How to Inflation-Proof Your Retirement

Inflation is like rust, an endless, tireless gnawing at the purchasing power of your dollars.

Over half of Americans are struggling with retirement and inflation has a lot to do with it. Fixed incomes are not usually adjusted to the inflation rate or adjust at a very low historic rate.

If there are intermittent spikes in inflation, say in housing costs or food prices, seniors often take the biggest hit.

Here are two ways your retirement can survive the problem of inflation.

Social Security strategies

You may want to have supplementary income along with Social Security in retirement, but Social Security all by itself can be a handy hedge against inflation.

For one, the longer that you delay payment of your Social Security benefits, the more money will be added to your monthly benefits.

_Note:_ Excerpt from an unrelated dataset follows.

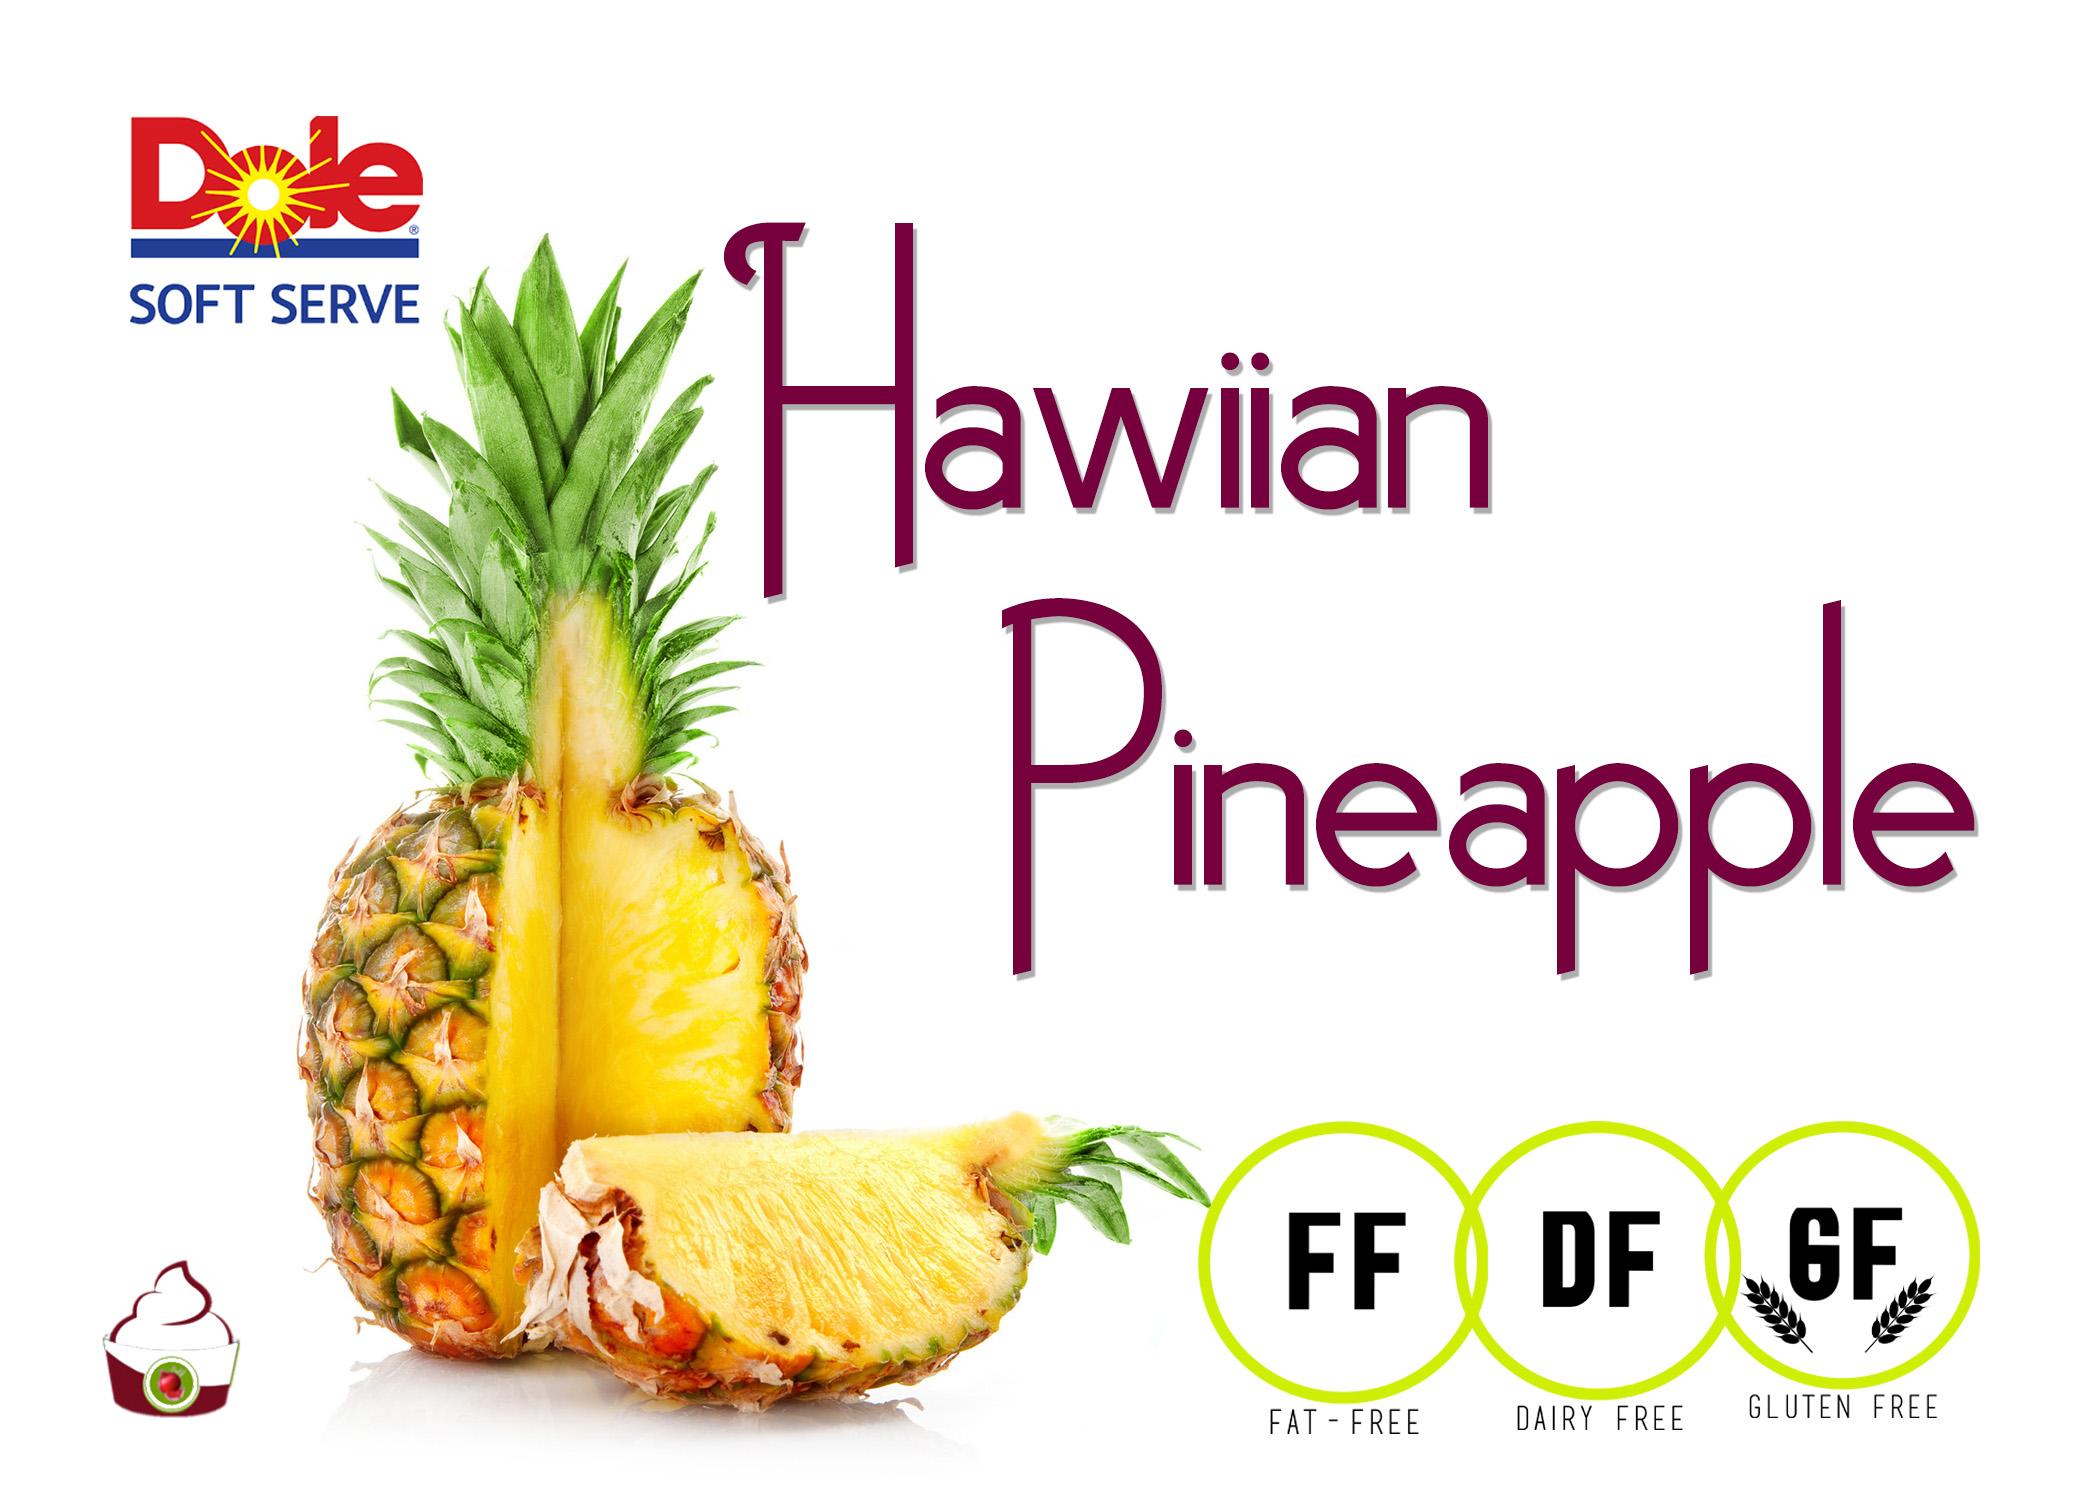 hawiian pineapple.jpg

Under current law, if you delay your Social Security payments until age 70 your basic monthly benefits will are increased by more than 132%.

As long as you qualify, you will receive your Social Security benefits for as long as you live. And then your benefits can be transferred to qualified beneficiaries.

Depending on your income, you may not have to pay taxes on your benefits.

Even better than that, Social Security payments are constantly adjusted for inflation. So, when you receive your benefits your payments are not negatively affected by inflation over the years.

The Social Security Administration increases benefits accordingly whenever the cost of living expenses, or inflation, rises. Social Security has even been publicly announcing its cost-of-living adjustments, known as a COLA, since 1975.

Cutting costs

Downsizing is the act of aggressively and strategically living below your means to stretch the money as far as possible.

That can be a good way to offset inflation in the things you absolutely must buy, like food and shelter.

One prime example of downsizing is to sell a home and move into a smaller home or into an apartment, or moving to a city or even another country with a lower cost of living.

The typical home can cost anywhere between $200,000 to $400,000. And the annual maintenance costs for homeownership can range between $9,000 to $17,000 depending on the locale.

Another way to downsize is to strictly buy generic consumer products instead of brand names. For example, if you strictly buy generic food products and groceries, you can save up to $1,000 annually on food expenses.

Create a budget to identify financial waste in your life and prioritize need over want.

The point is that if you are always living below your means and downsize your life whenever possible, inflation will have less impact on your retirement.